|Title||Analysing continuous proportions in ecology and evolution: A practical introduction to beta and Dirichlet regression|
|Author(s)||Douma, Jacob C.; Weedon, James T.|
|Source||Methods in Ecology and Evolution 10 (2019)9. - ISSN 2041-210X - p. 1412 - 1430.|
|Department(s)||Crop and Weed Ecology|
|Publication type||Refereed Article in a scientific journal|
|Keyword(s)||beta regression - Dirichlet regression - fractions - non-count proportions - one augmented - proportions - transformations - zero augmented|
Proportional data, in which response variables are expressed as percentages or fractions of a whole, are analysed in many subfields of ecology and evolution. The scale-independence of proportions makes them appropriate to analyse many biological phenomena, but statistical analyses are not straightforward, since proportions can only take values from zero to one and their variance is usually not constant across the range of the predictor. Transformations to overcome these problems are often applied, but can lead to biased estimates and difficulties in interpretation. In this paper, we provide an overview of the different types of proportional data and discuss the different analysis strategies available. In particular, we review and discuss the use of promising, but little used, techniques for analysing continuous (also called non-count-based or non-binomial) proportions (e.g. percent cover, fraction time spent on an activity): beta and Dirichlet regression, and some of their most important extensions. A major distinction can be made between proportions arising from counts and those arising from continuous measurements. For proportions consisting of two categories, count-based data are best analysed using well-developed techniques such as logistic regression, while continuous proportions can be analysed with beta regression models. In the case of >2 categories, multinomial logistic regression or Dirichlet regression can be applied. Both beta and Dirichlet regression techniques model proportions at their original scale, which makes statistical inference more straightforward and produce less biased estimates relative to transformation-based solutions.

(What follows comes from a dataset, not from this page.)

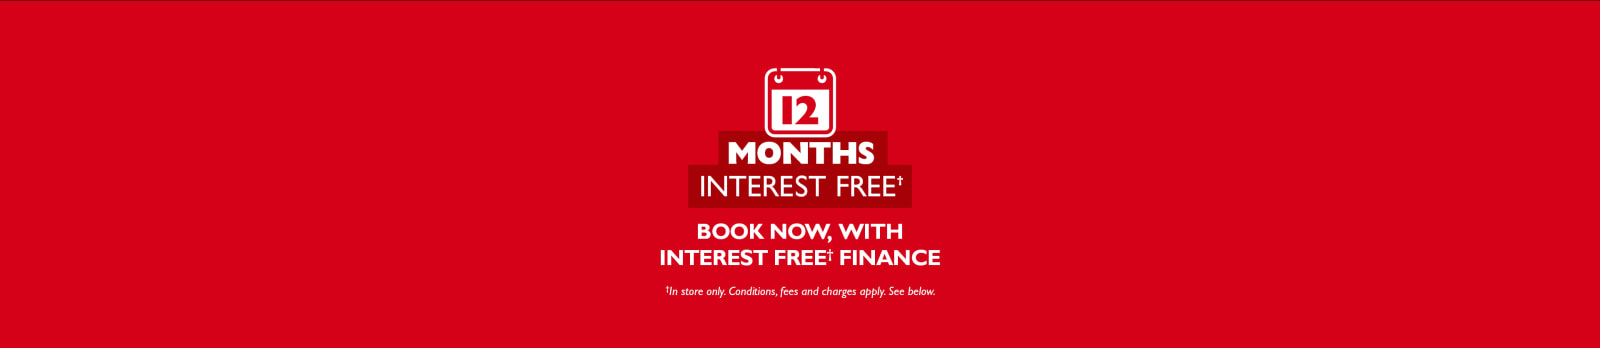 12 months interest free* book now, with interest free* finance. *Conditions, fees and charges apply. See below.
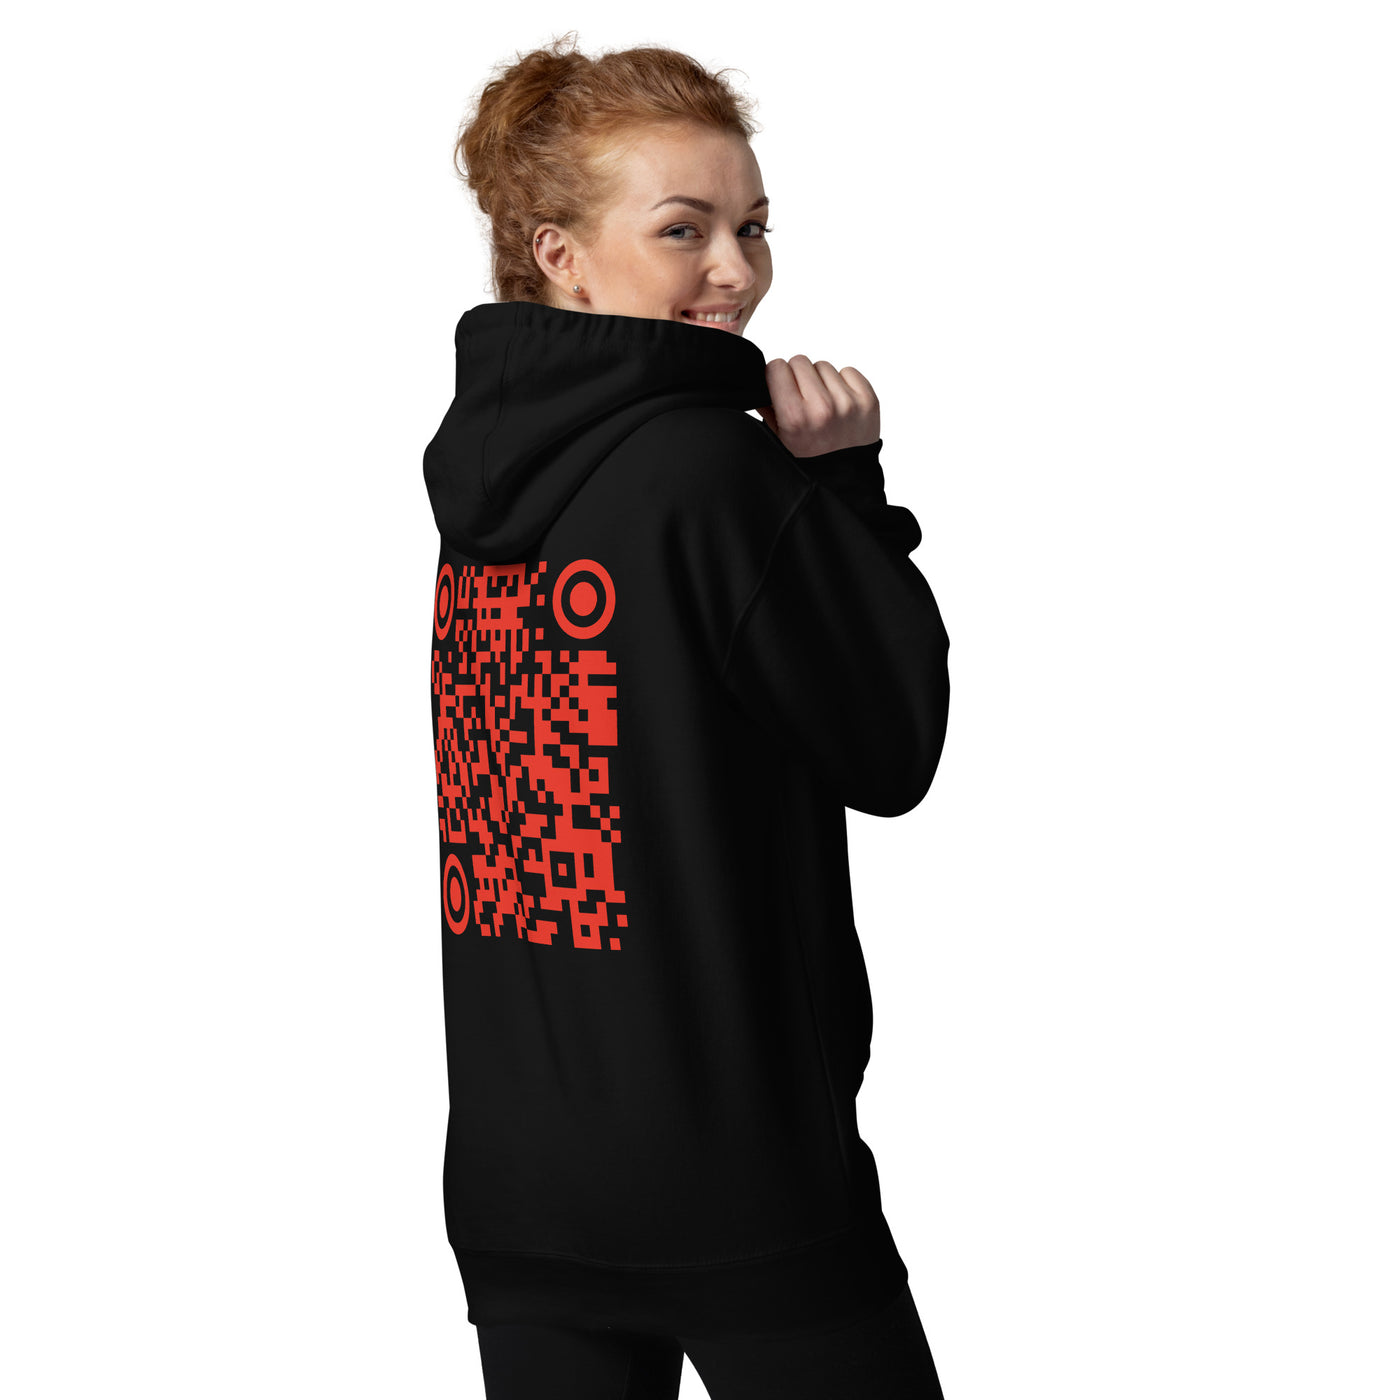 Who's the New Kid, Hacker, Developer, Gamer, Crypto King V1  - Unisex Hoodie Personalized QR Code

Extensions to beta regression, such as models for variable dispersion, zero-one augmented data and mixed effects designs have been developed and are reviewed and applied to case studies. Finally, we briefly discuss some issues regarding model fitting, inference, and reporting that are particularly relevant to beta and Dirichlet regression. Beta regression and Dirichlet regression overcome some problems inherent in applying classic statistical approaches to proportional data. To facilitate the adoption of these techniques by practitioners in ecology and evolution, we present detailed, annotated demonstration scripts covering all variations of beta and Dirichlet regression discussed in the article, implemented in the freely available language for statistical computing, r.